**Assigned task:** A word-for-word retyping of the listing below is required, with the pictures dropped.

**Data shown:**
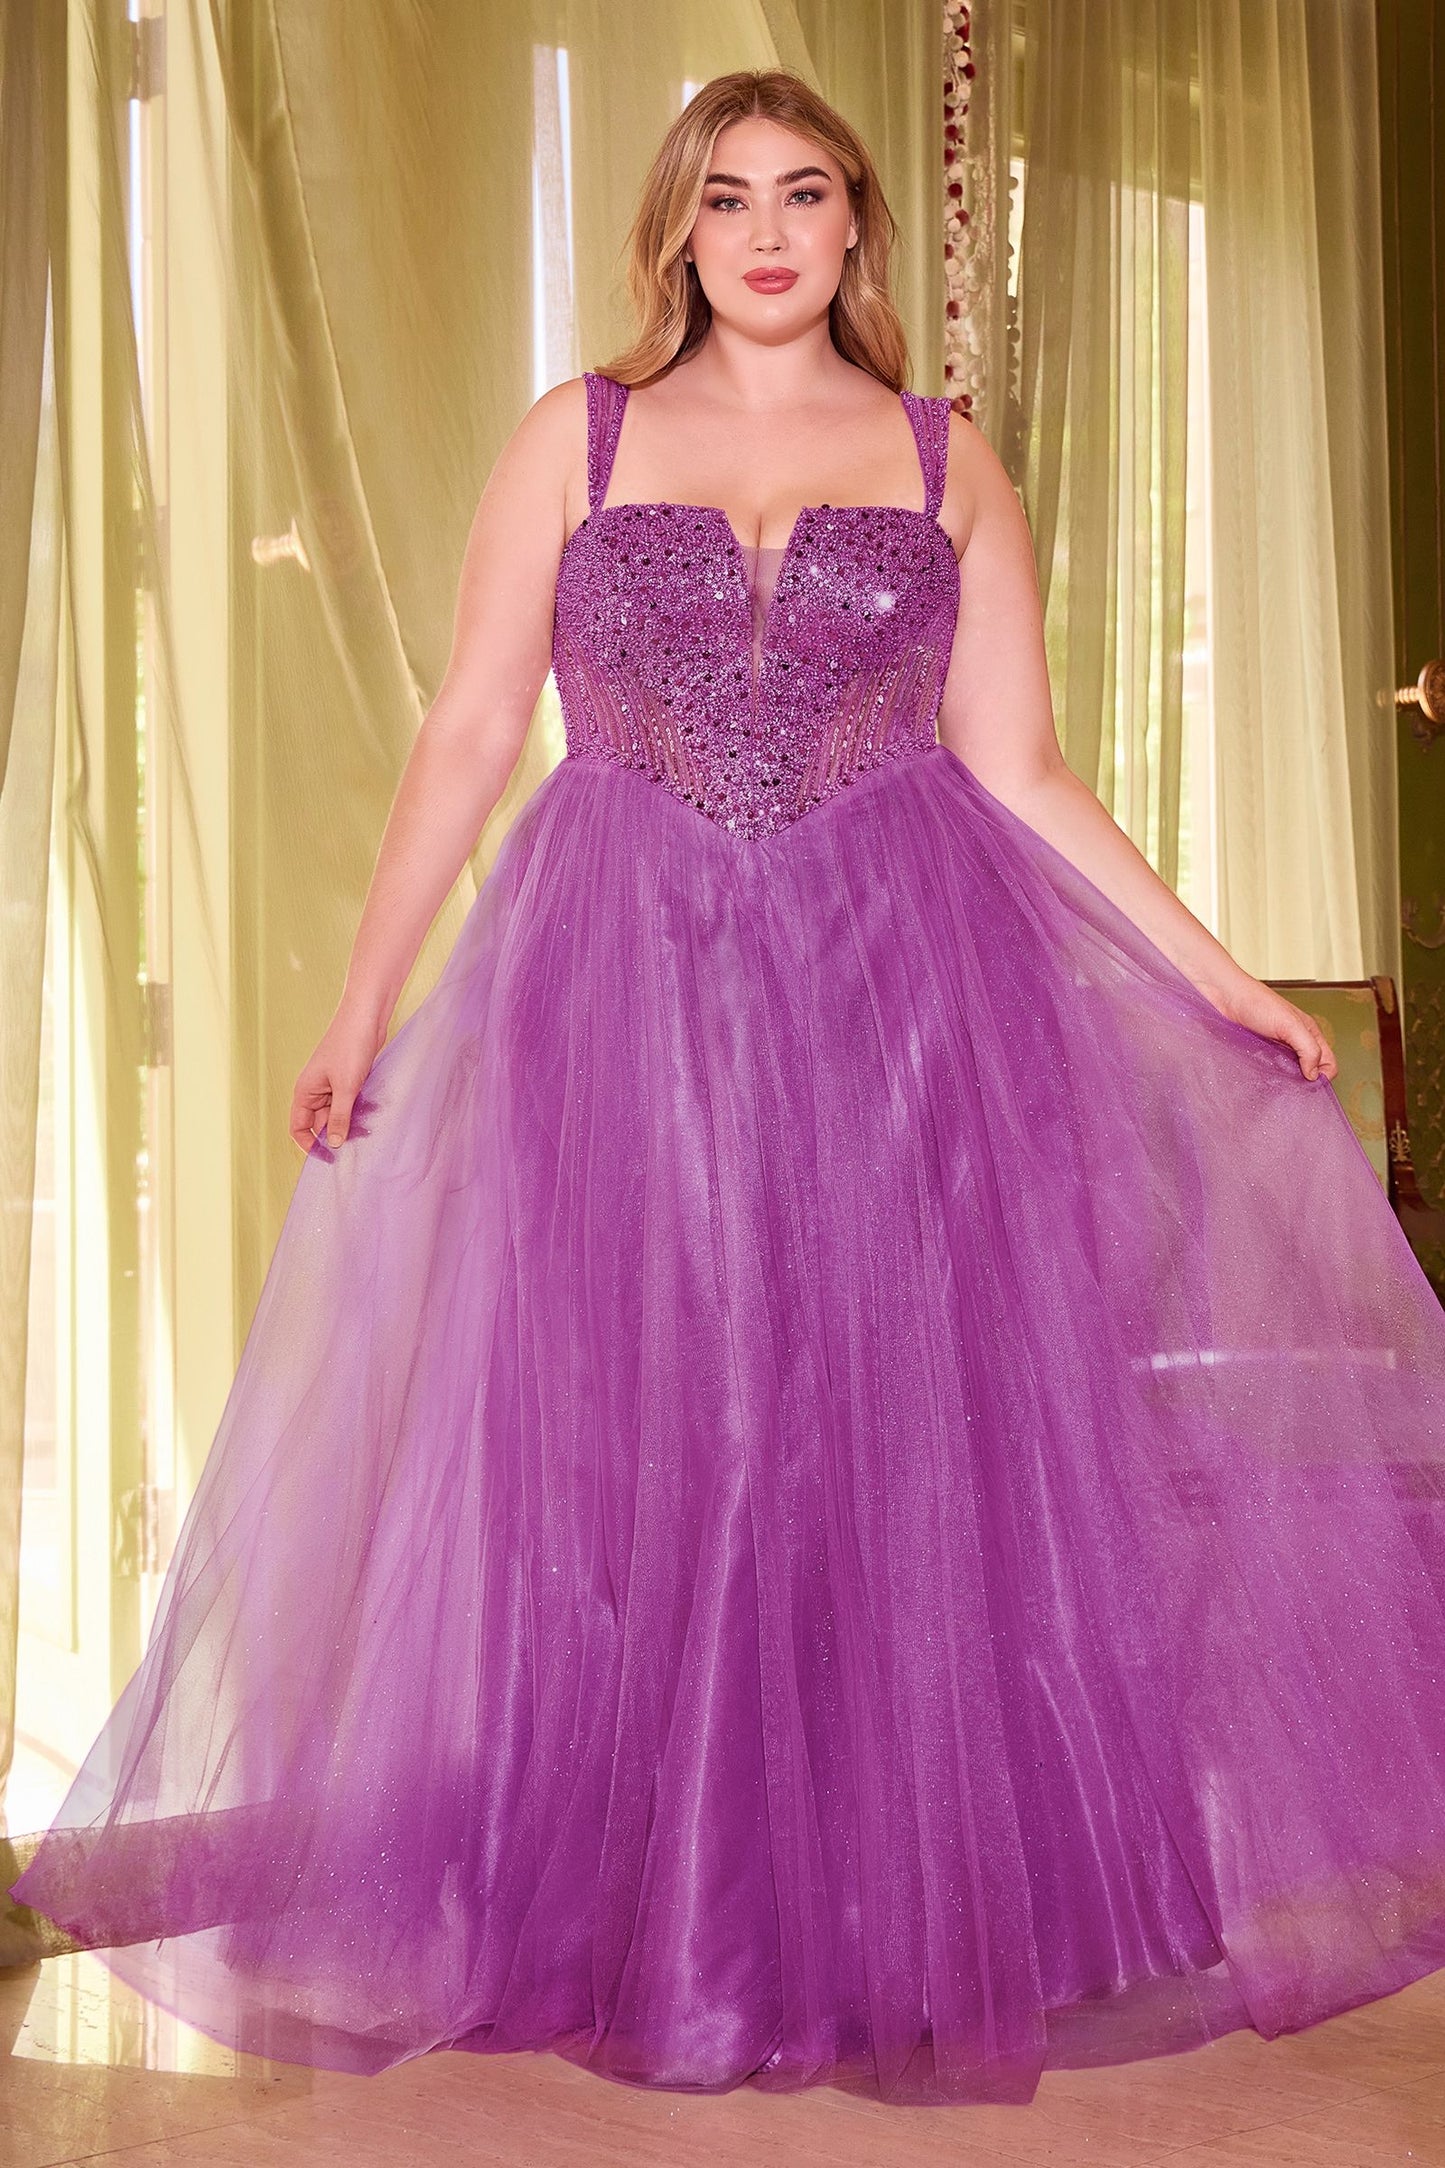 Mágico vestido corte A con el corpiño adornado con lentejuelas y pedrería y la falda de tul con purpurina
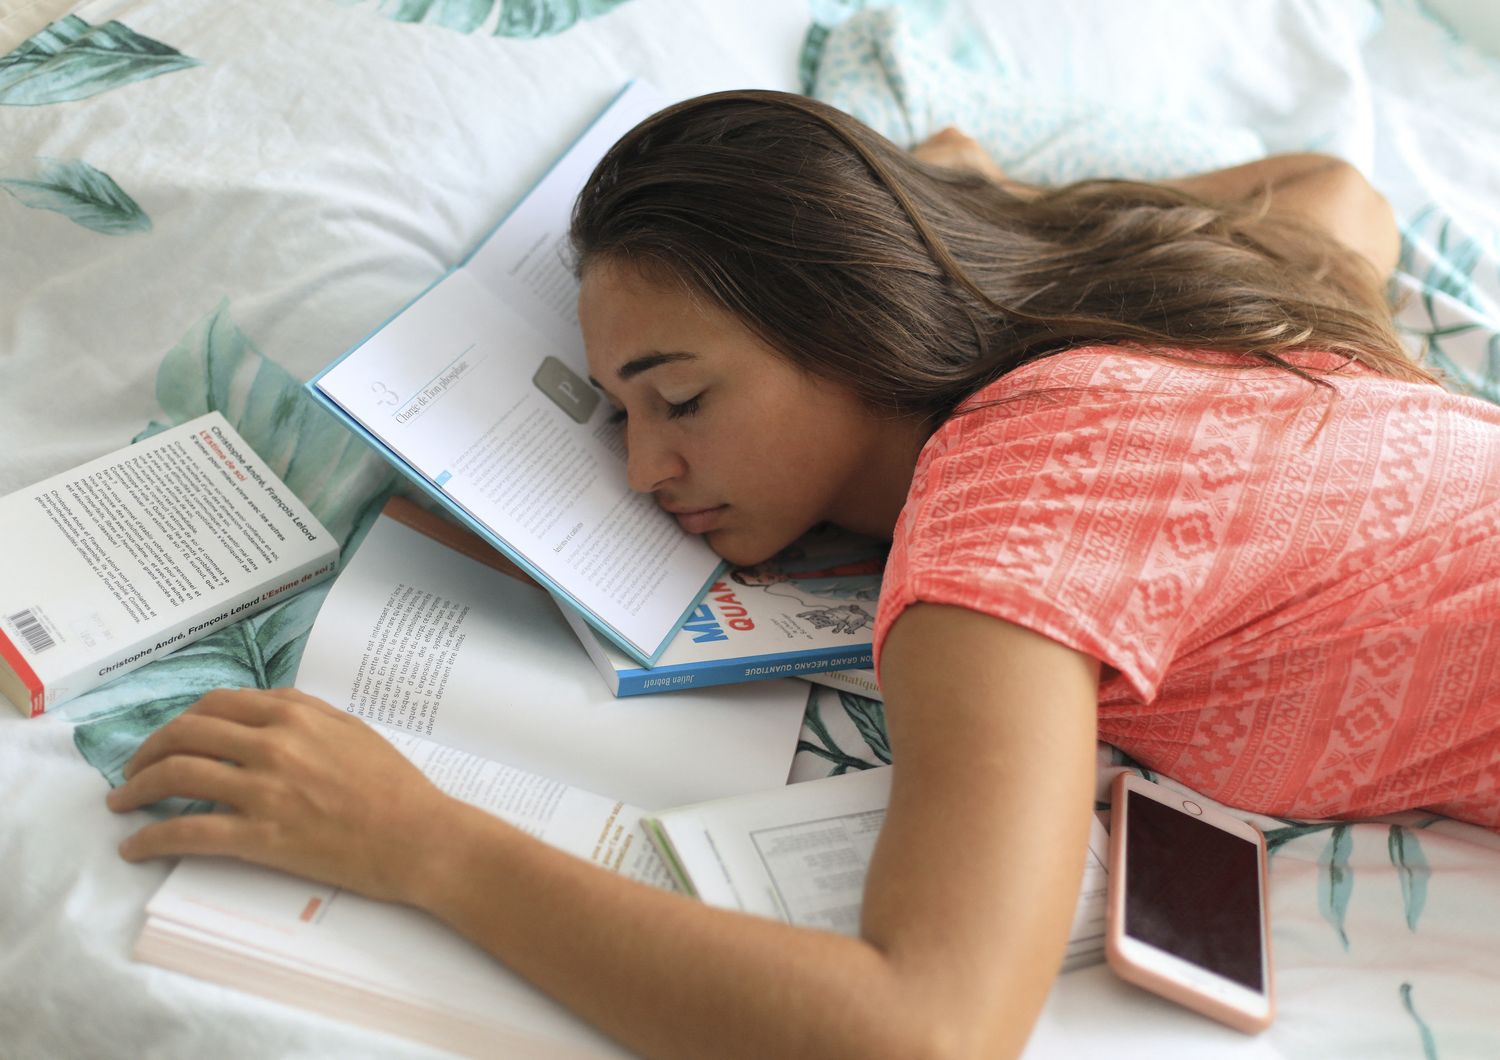 Una studentessa addormentata sui libri
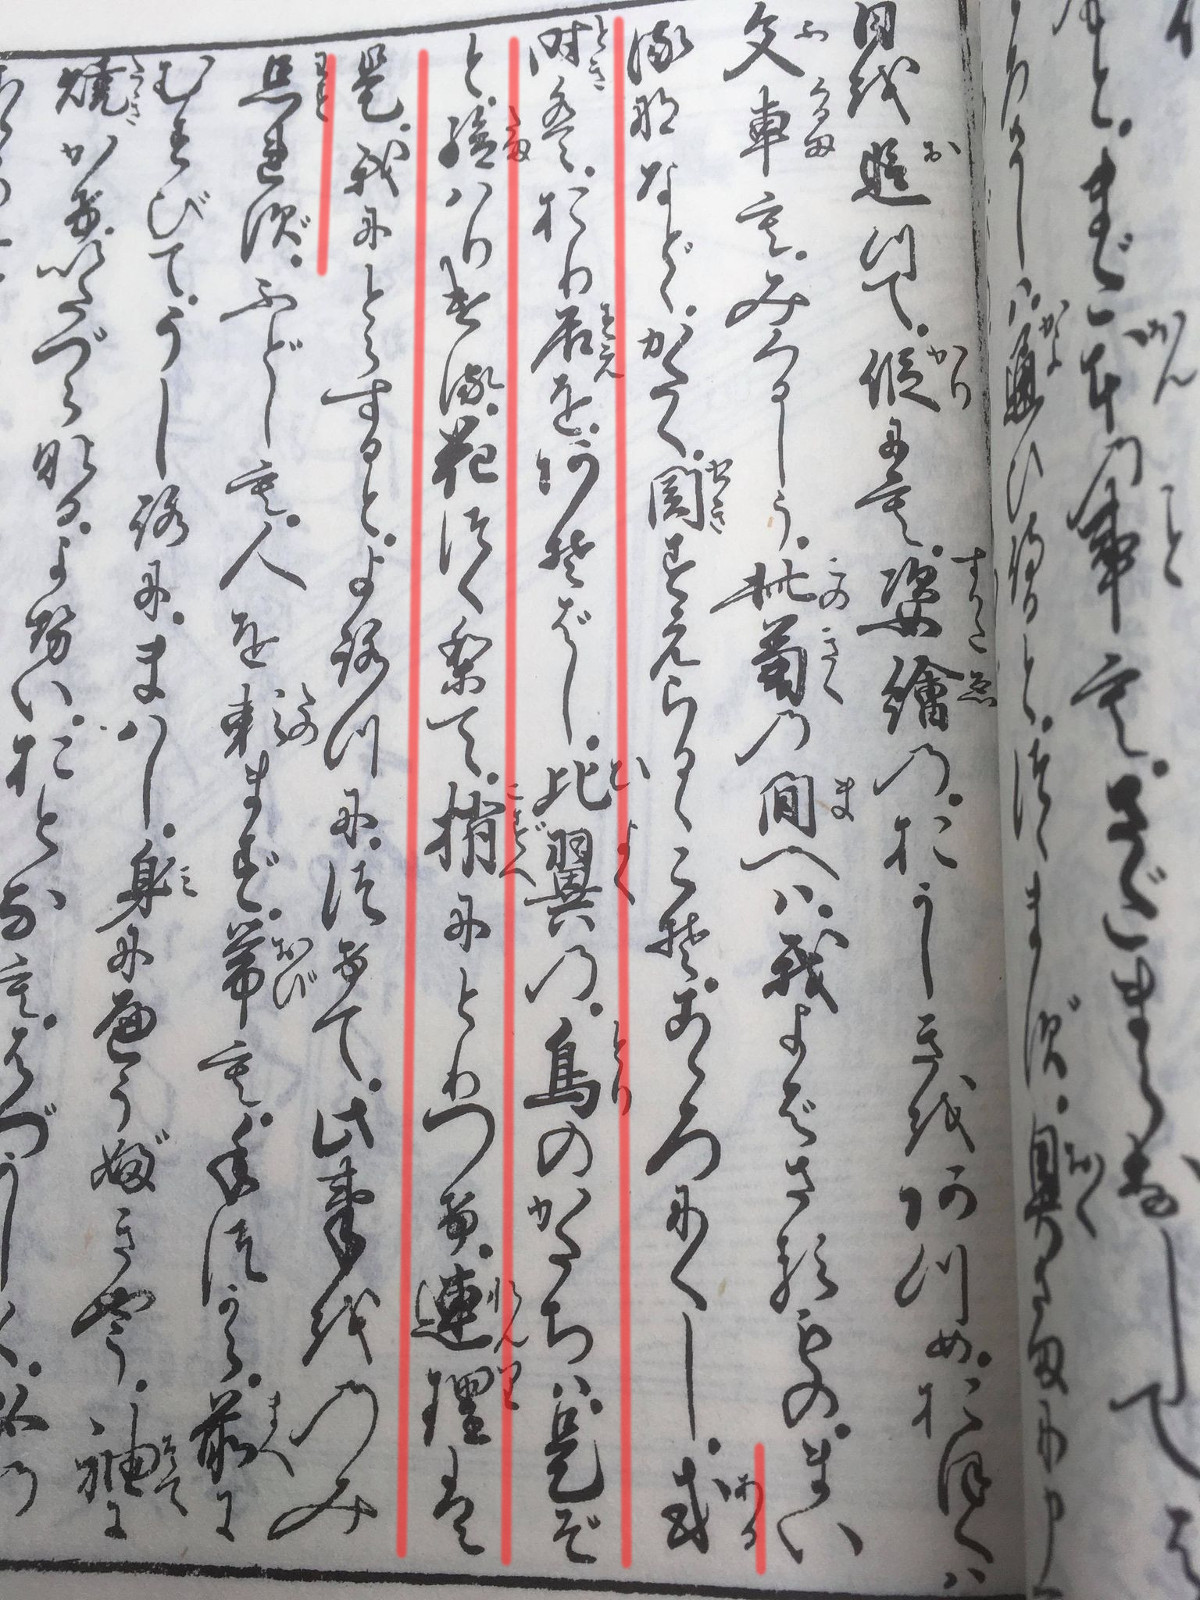 折り鶴の記録が残っている最古の本

**Solution for this exercise:**
 Mágico vestido corte A con el corpiño adornado con lentejuelas y pedrería y la falda de tul con purpurina
 Una studentessa addormentata sui libri
 折り鶴の記録が残っている最古の本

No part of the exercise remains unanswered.